Segment Start: DATASET SECTION

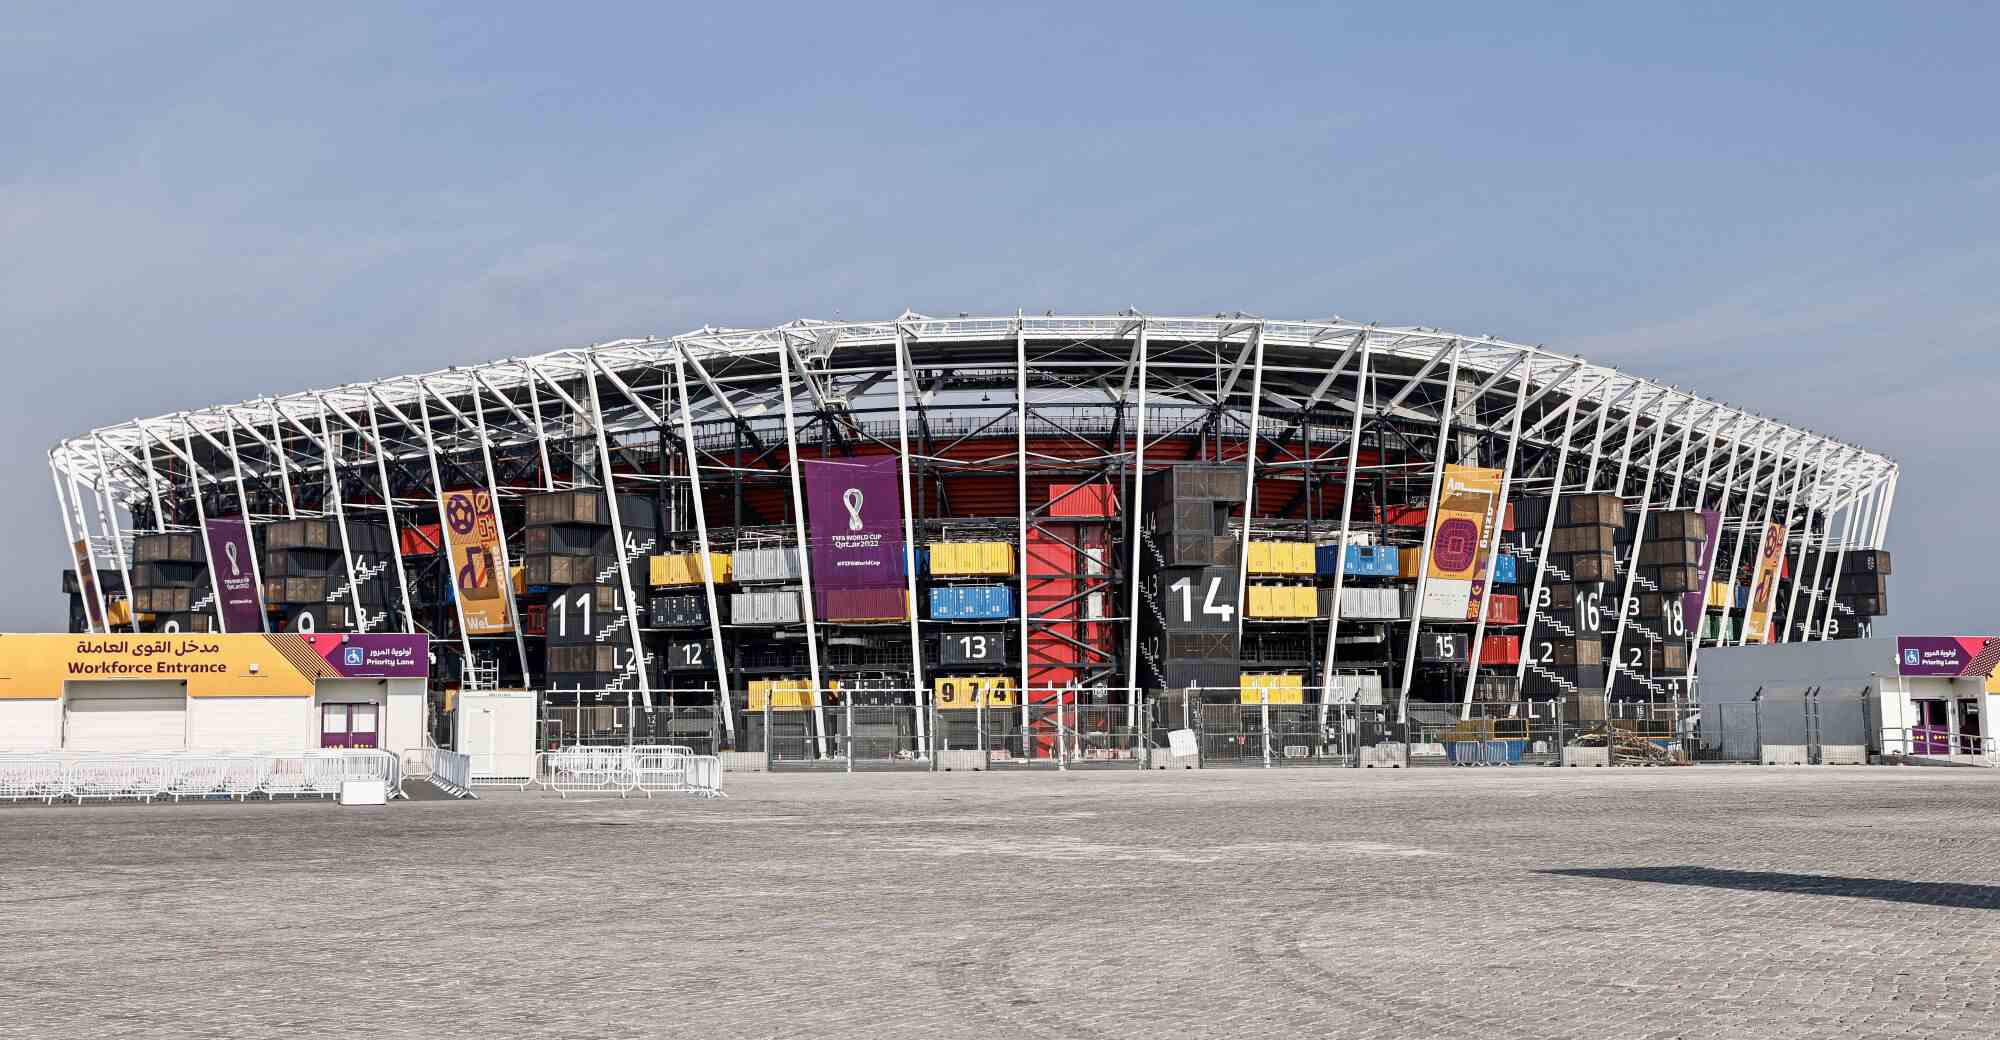 Stadion 974 im Stadtteil Ras Abu Aboud in Doha, Katar.
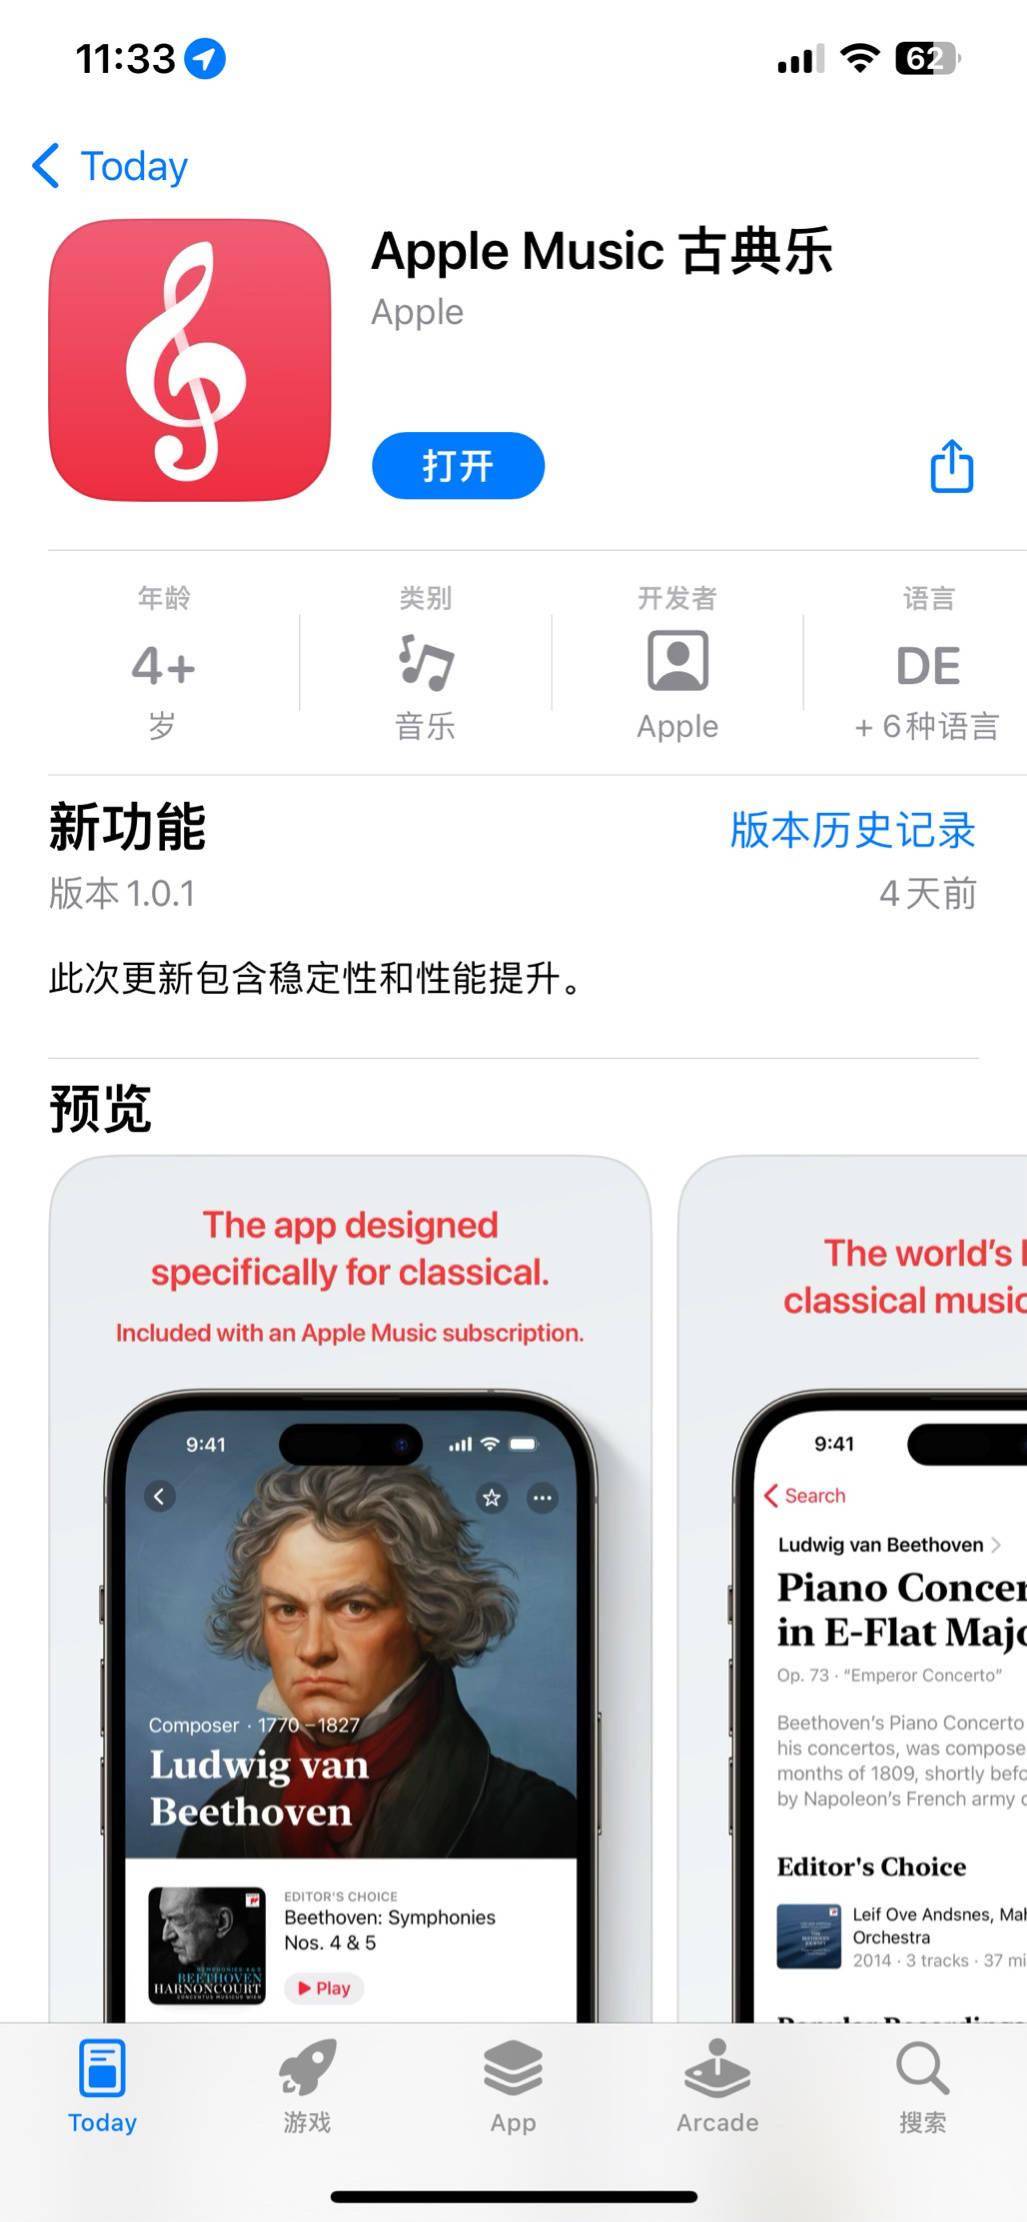 为了支持古典音乐复杂的元信息 苹果正式上架Apple Music Classical古典乐应用
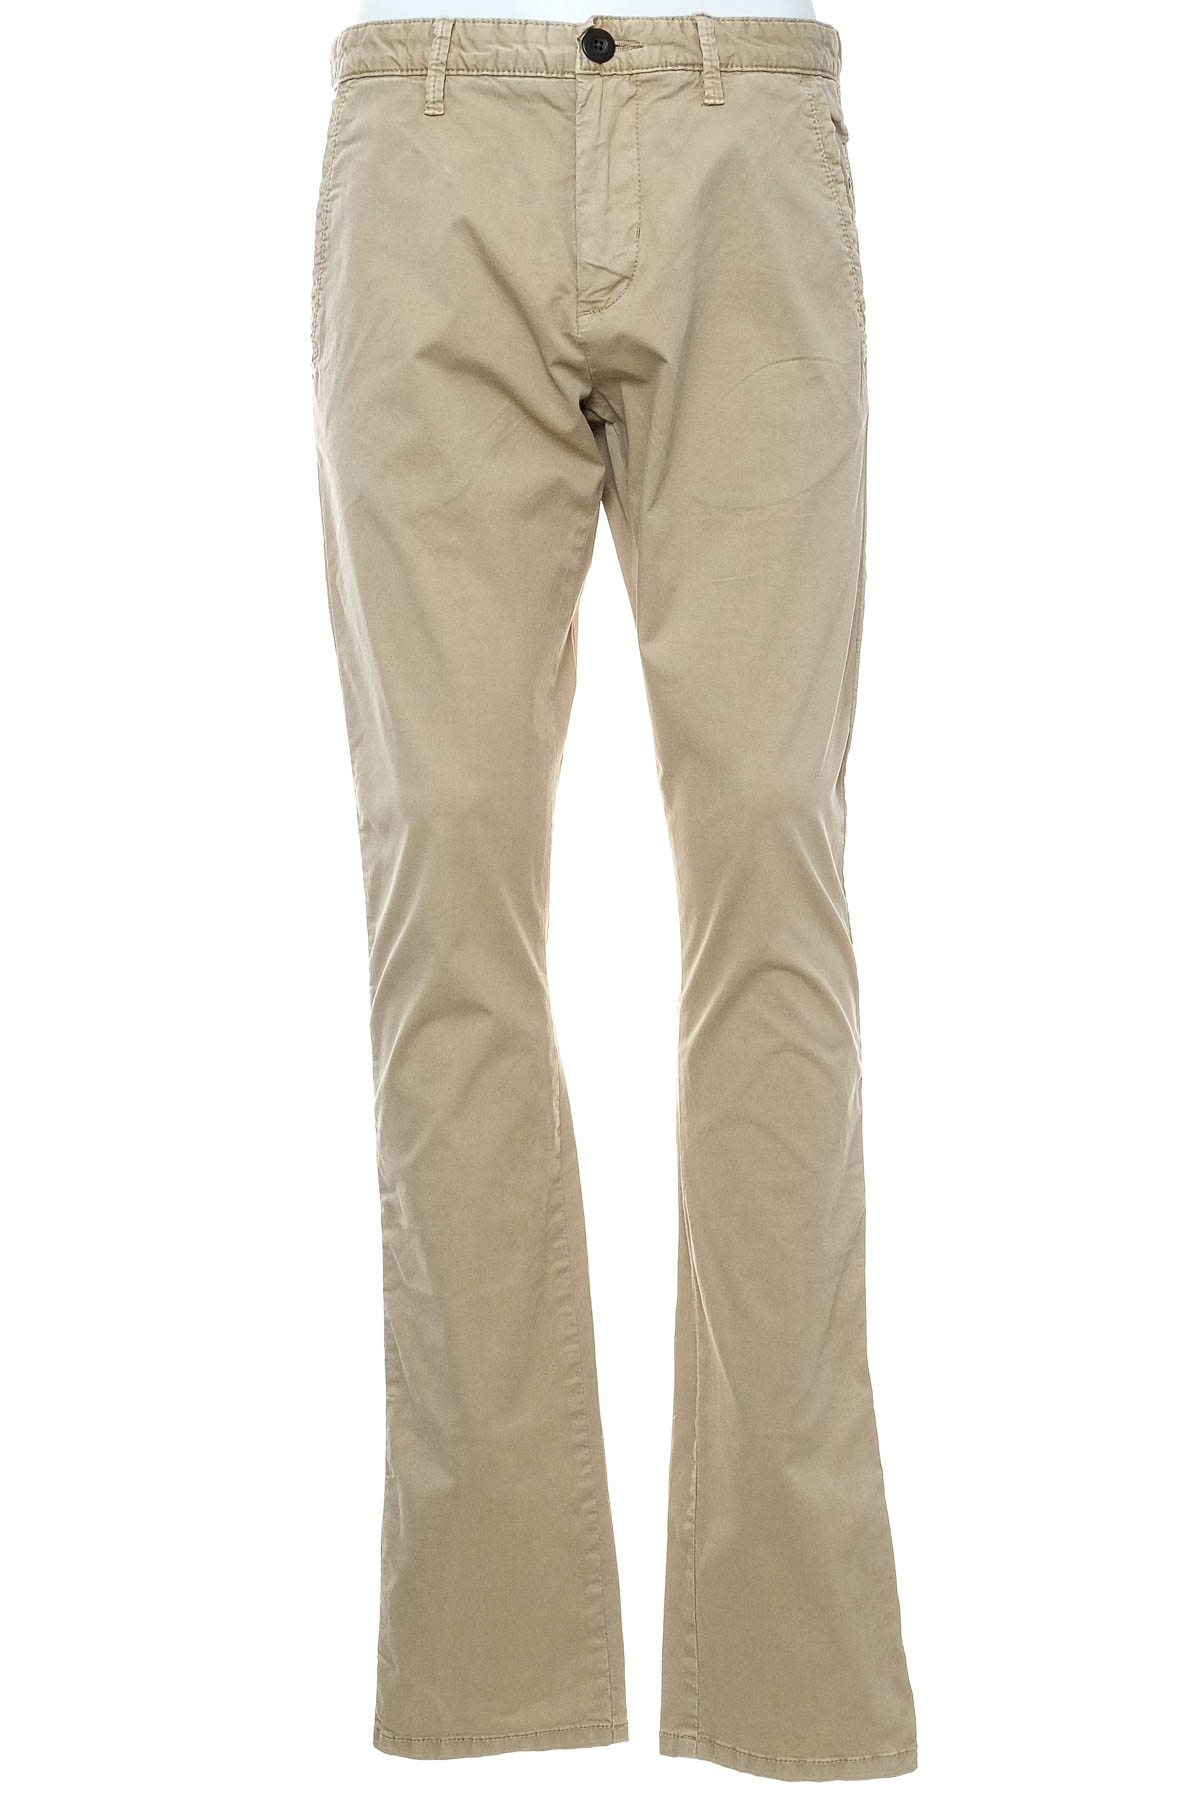 Pantalon pentru bărbați - S.Oliver - 0
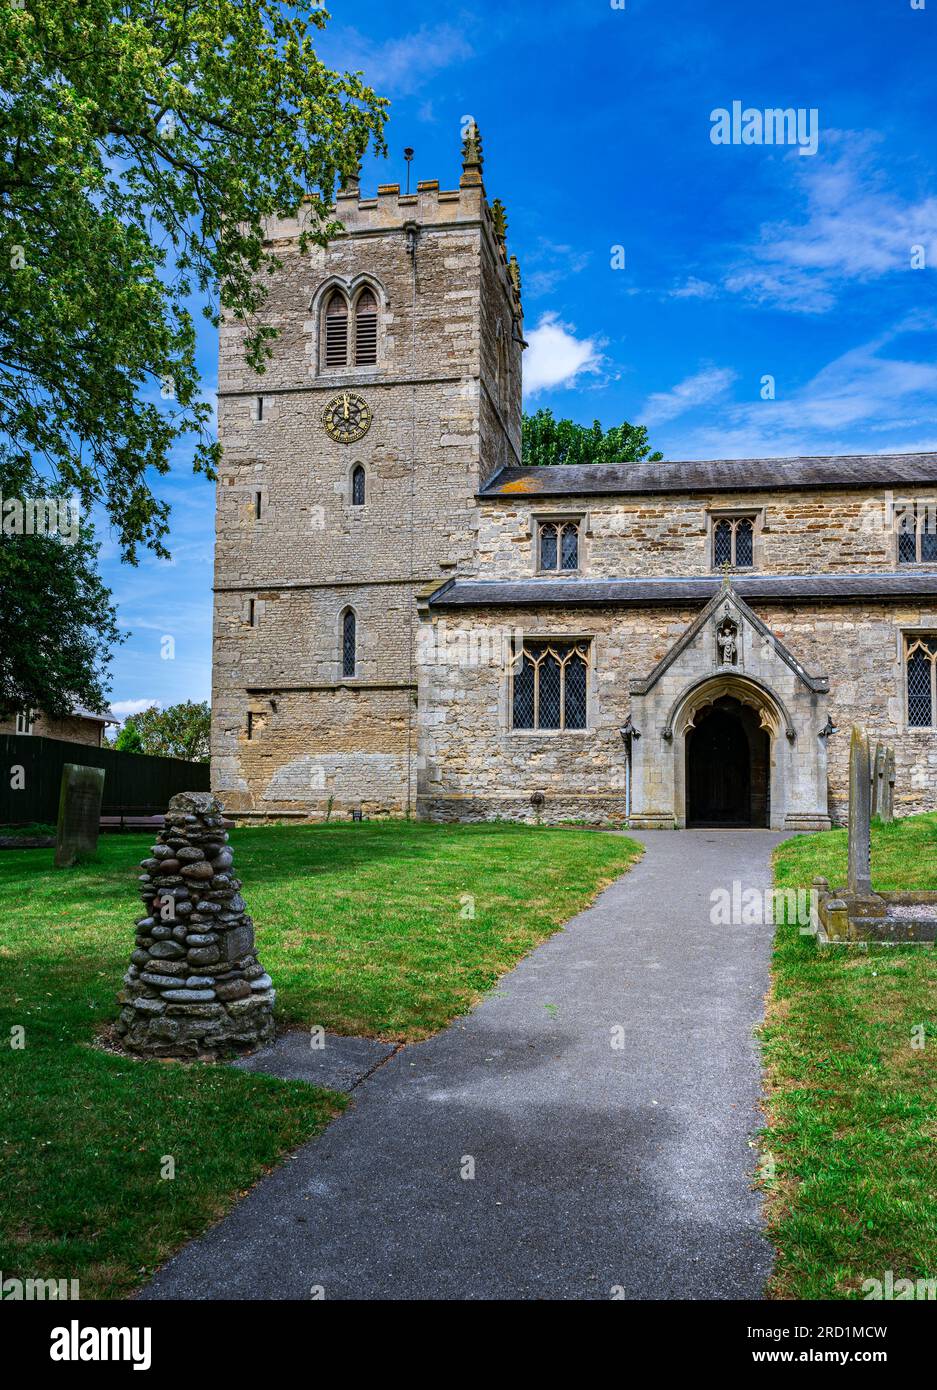 L'église du village de St Chad, Dunholme, Lincolnshire, Royaume-Uni - l'église paroissiale avec sa tour, qui est principalement médiévale en construction, par un chaud après-midi d'été sous un ciel bleu Banque D'Images

Segment End: DATASET SECTION

Exclude the images, then output the data above word for word.

 Stadion 974 im Stadtteil Ras Abu Aboud in Doha, Katar.
 为了支持古典音乐复杂的元信息 苹果正式上架Apple Music Classical古典乐应用
 Pantalon pentru bărbați - S.Oliver - 0
 L'église du village de St Chad, Dunholme, Lincolnshire, Royaume-Uni - l'église paroissiale avec sa tour, qui est principalement médiévale en construction, par un chaud après-midi d'été sous un ciel bleu Banque D'Images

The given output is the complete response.